The Quest for Cosmic Inflation

Fate of the Universe

Figure 14
Figure 13. The rate of expansion of the universe since its birth 15 billion years ago. The shallower the curvature, the faster the rate of expansion. The curvature changes noticeably about 7 billion years ago, when objects in the universe began flying apart at a faster pace. Astronomers theorize that the faster expansion rate is due to a mysterious, dark force that is pulling galaxies apart. Image Credit: NASA/STSci/Ann Feild.

In his book The Emperor’s New Mind, mathematician and cosmologist, Roger Penrose, described how cosmology matured from a ‘speculative pursuit’ into an ‘exact science’ following the discovery of CMB. Today, with the advent of satellite technology and high resolution telescopes, scientists are designing extraordinarily delicate experiments that have the capability of probing deep into space by looking at ancient stars and galaxies that were formed few thousands of years after the Big Bang. The BICEP2 results are currently controversial and may require several years to build up a sizable statistical significance. But if confirmed, they could conclusively prove the role of inflation in the early moments of Big Bang when the universe went through a period of exponential expansion. Such an inflationary phase provides an explanation of why the universe looks the same in every direction, because, in the early universe, there would be enough time for light to travel from one region to another.

Edwin Hubble showed that the universe is expanding as a consequence of the Big Bang.
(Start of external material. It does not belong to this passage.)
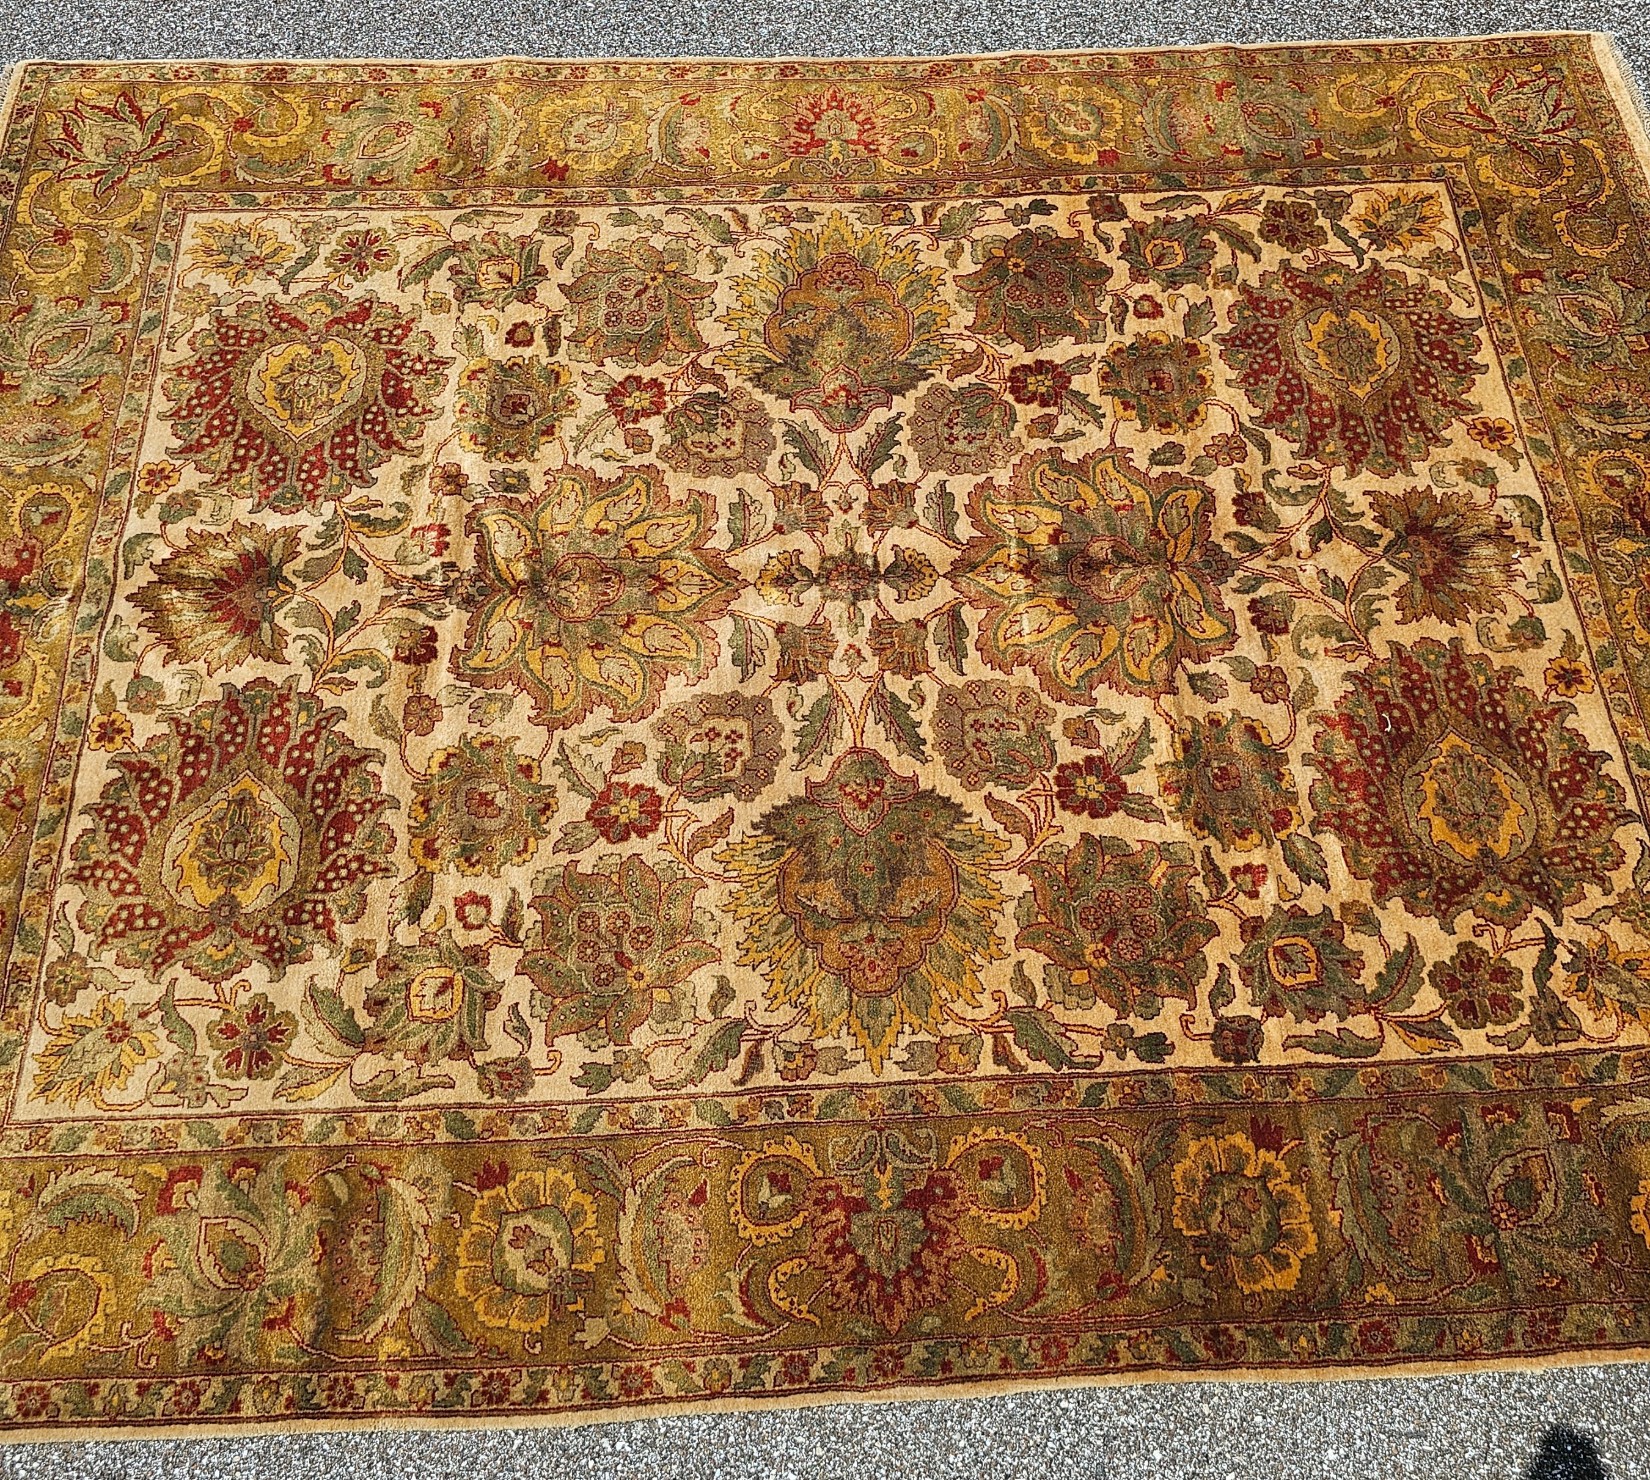 Fine Mahal Hand-Knotted Wool Rug - 9' x 11'10" - Image 4 of 9

Saul Perlmutter, Brian Schmidt, and Adam Riess and their teams studied over 50 distant supernovae whose light was weaker than expected, and concluded that the expansion of the universe is accelerating, which is truly an astounding result. Moreover, the universe is expanding faster now than it was 7 billion years ago (see Figure 13 where the curvature of expansion changes noticeably around about 7 billion years ago). The acceleration is thought to be driven by dark energy, but not much is known about dark energy.

This short clip shows the evolution of the universe after Big Bang. Notice how the expansion of the universe slows down to a halt and then starts expanding at a faster and faster pace mimicking the effects of gravitation and dark energy. Video Credit: Chandra X-ray Center, Operated for NASA by the Smithsonian Astrophysical Observatory.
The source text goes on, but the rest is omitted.